The lawsuit also lists Barber’s wife along with his trucking business as lead plaintiffs.

At this point, no statement of defense has been filed by the Trudeau government, Global News reported.

According to the lawsuit statement, Barber’s bank personal and business bank accounts were frozen only a day after the Trudeau government enacted the EA. He was not able to withdraw or deposit money or use his credit cards, and even his automatic bill payments were stopped.

According to the lawsuit, Barber “suffered and experienced fear and anxiety due to the anticipated loss of income.”

Barber and Freedom Convoy leader Tamara Lich have been involved in a lengthy trial after being charged and taken to court by the government. The trial has been put on hold, with its resumption date uncertain. It is also not yet clear how the recent court ruling will affect the trial.

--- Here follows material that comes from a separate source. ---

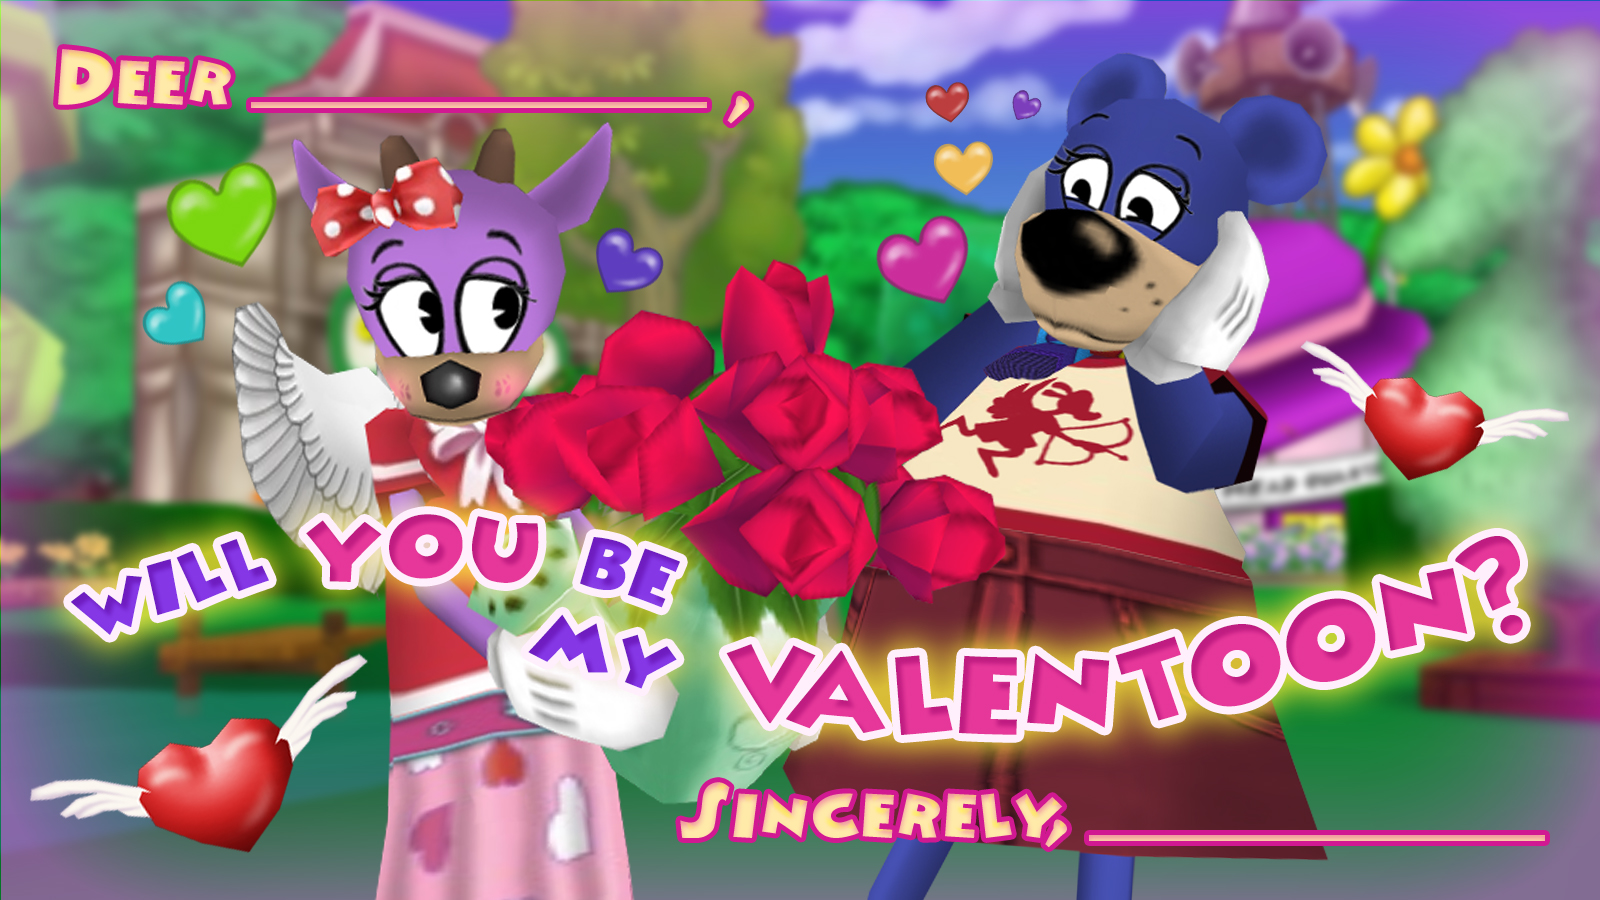 Deer Valentine - Will you be my ValenToon?

LifeSiteNews reported just over a week ago that Lich, Barber and a host of others filed a $2 million lawsuit against the government.

Freedom Convoy lawyer Keith Wilson said Section 24 of Canada’s Charter of Rights and Freedoms “gives Canadians the right to sue their government for damages when Charter rights are violated.”

“Doing so affirms the seriousness of respecting Charter rights and is intended to deter future governments from breaching Canadians’ fundamental rights,” he said.

An investigation into the use of the EA, as per Canadian law, was launched by Trudeau. However, it was headed by Liberal-friendly Judge Paul Rouleau, who led the Public Order Emergency Commission. Unsurprisingly, the commission exonerated Trudeau.

Federal and provincial politicians have come out in support of the truckers. Last week, LifeSiteNews reported that newly elected Conservative Legislative Assembly of Alberta (MLA) member Eric Bouchard praised the Freedom Convoy protesters for doing what “was right” in opposing to COVID mandates.